Below are examples from Pytorch’s forums which address your question.

list(WeightedRandomSampler([0.1, 0.9, 0.4, 0.7, 3.0, 0.6], 5, replacement=True))
Output: [0, 0, 0, 1, 0]
list(WeightedRandomSampler([0.9, 0.4, 0.05, 0.2, 0.3, 0.1], 5, replacement=False))
Output: [0, 1, 4, 3, 2]

For a batch size < no_of classes, using Replacement = False would generate independent samples. If batch size > no_of classes, it would throw this error, RuntimeError: cannot sample n_sample > prob_dist.size(-1) samples without replacement.

I’m so confused. Here is what I did and its result:

batch_size = 6
weight = 1. / class_sample_count
samples_weight = weight[target]
sampler = WeightedRandomSampler(samples_weight, batch_size, replacement=False)
print('samlper= ', list(sampler))

samlper= [8857, 190, 210, 8028, 10662, 1685]

train_dl = torch.utils.data.DataLoader(train_ds, batch_size=batch_size, sampler=sampler, num_workers = 16)
valid_dl = torch.utils.data.DataLoader(valid_ds, batch_size=batch_size, shuffle=True, num_workers = 16)
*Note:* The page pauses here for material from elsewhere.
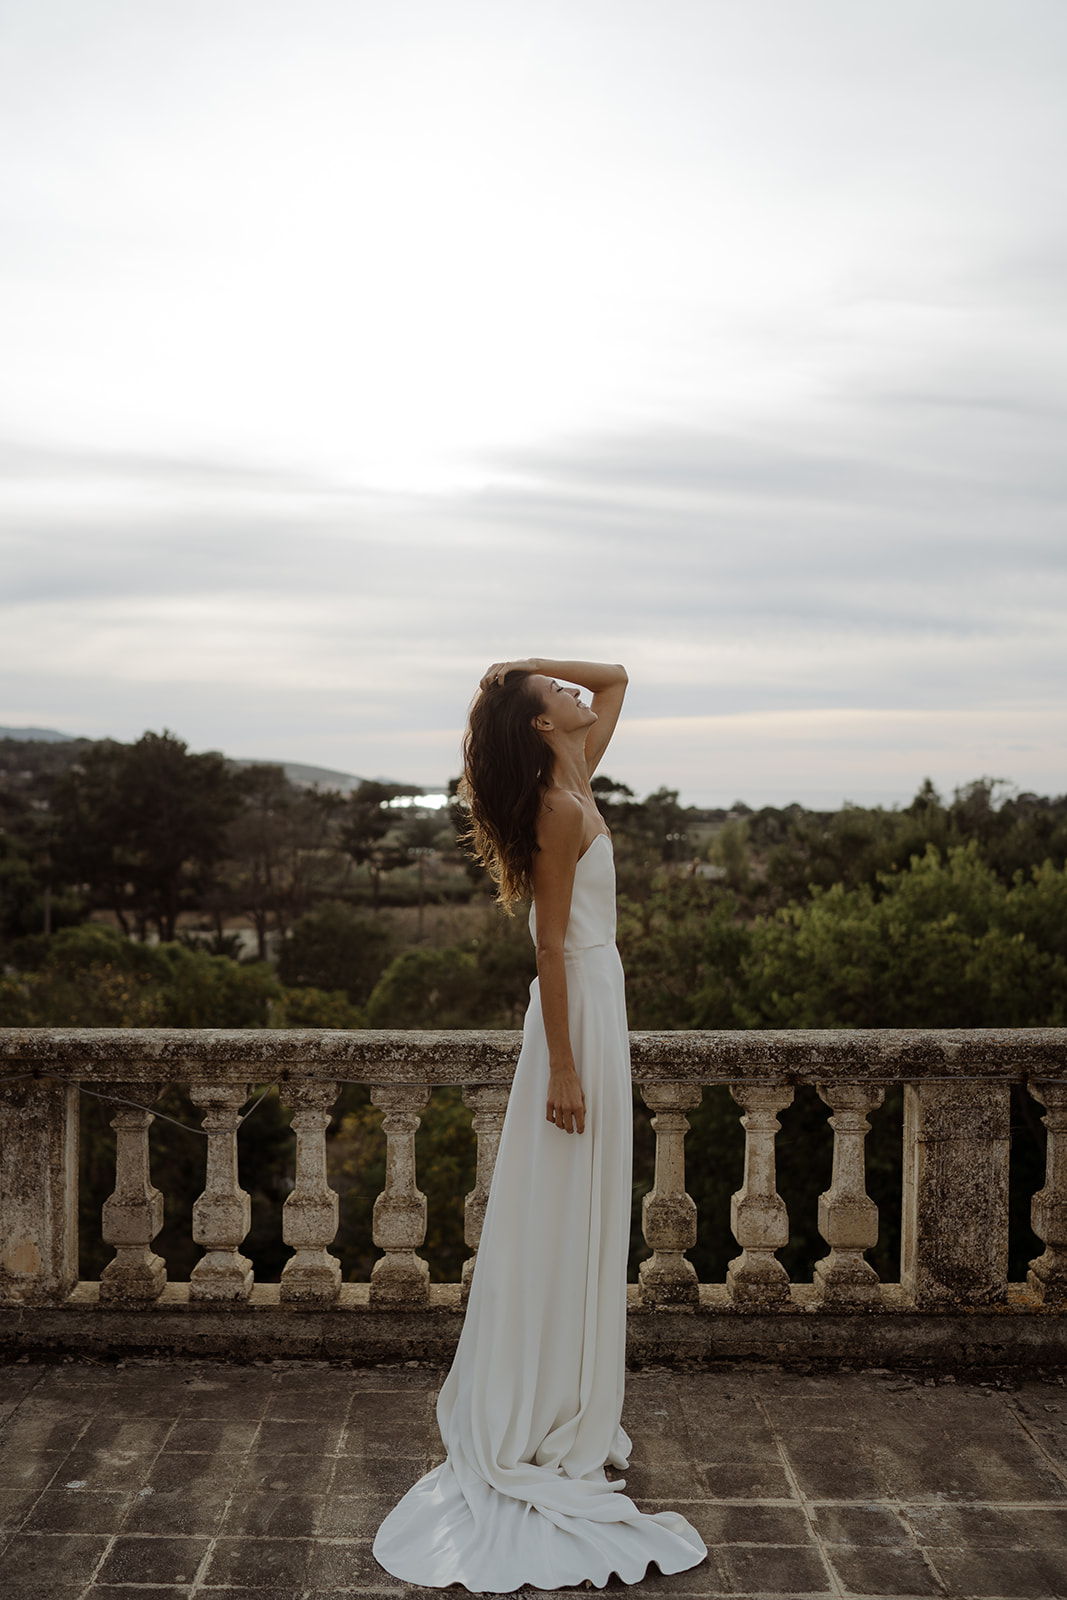 Cecile Casabianca Collection 2020 - Robes de mariée - Blog Mariage Madame C
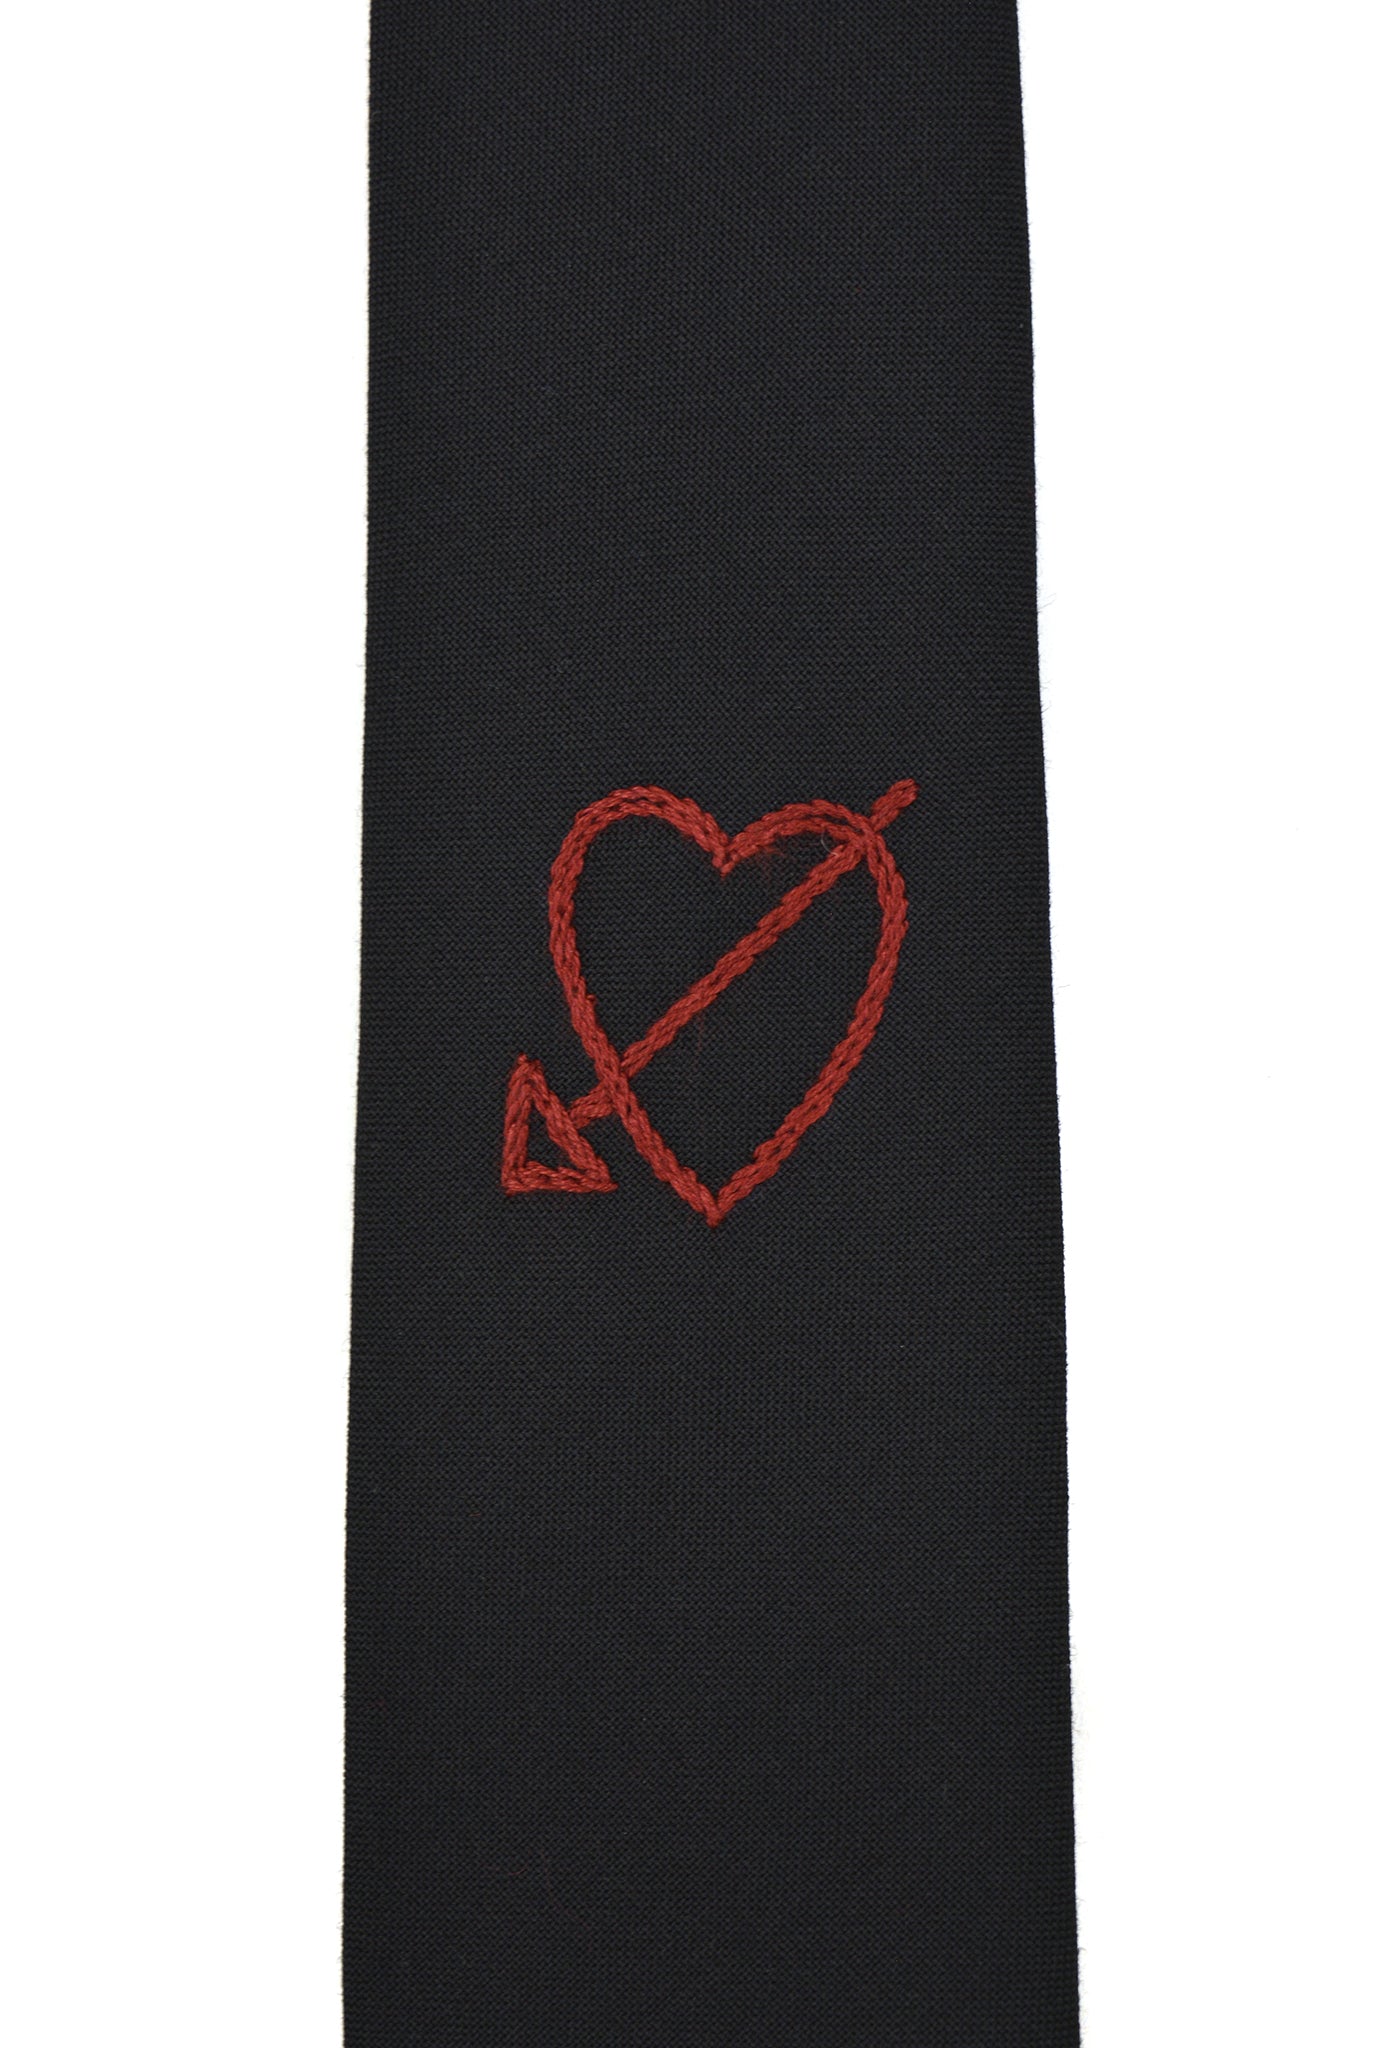 Ernest W. Baker Embroidered Tie

inputs, targets = next(iter(train_dl))     # Get a batch of training data
print('targets= ', targets)

targets= tensor([4, 5, 5, 0, 3, 3])

Loss after 15 Epochs:

Epoch [ 1/15], Step [  1, 1825], Loss: 1.5785
Epoch [ 2/15], Step [  1, 1825], Loss: 1.9562
Epoch [ 3/15], Step [  1, 1825], Loss: 1.8681
Epoch [ 4/15], Step [  1, 1825], Loss: 2.0667
Epoch [ 5/15], Step [  1, 1825], Loss: 1.9168
Epoch [ 6/15], Step [  1, 1825], Loss: 1.8286
Epoch [ 7/15], Step [  1, 1825], Loss: 1.9063
Epoch [ 8/15], Step [  1, 1825], Loss: 1.8187
Epoch [ 9/15], Step [  1, 1825], Loss: 1.6252
Epoch [10/15], Step [  1, 1825], Loss: 2.3157
Epoch [11/15], Step [  1, 1825], Loss: 1.7716
Epoch [12/15], Step [  1, 1825], Loss: 2.1706
Epoch [13/15], Step [  1, 1825], Loss: 1.7085
Epoch [14/15], Step [  1, 1825], Loss: 1.7478
Epoch [15/15], Step [  1, 1825], Loss: 2.0860
evaluate_model(model, valid_dl)

accuracy: 19.58

evaluate_model(model, train_dl)

accuracy: 0.00

It seems that something goes wrong!

This is interesting. The values in the batches are not unique in spite of using replacement = False.
As far as the loss is concerned, This could be down to a couple of problems. Try the following out

  • Try out different learning rates (smaller than the one you are currently using).
  • Remove all regularization and momentum until the loss starts decreasing.
  • Check the inputs right before it goes into the model (detach and plot it). Check correspondance with labels.
  • You may also be updating the gradients way too many times as a consequence of a small batch size. As the targets are still not unique, you may as well keep a larger batch.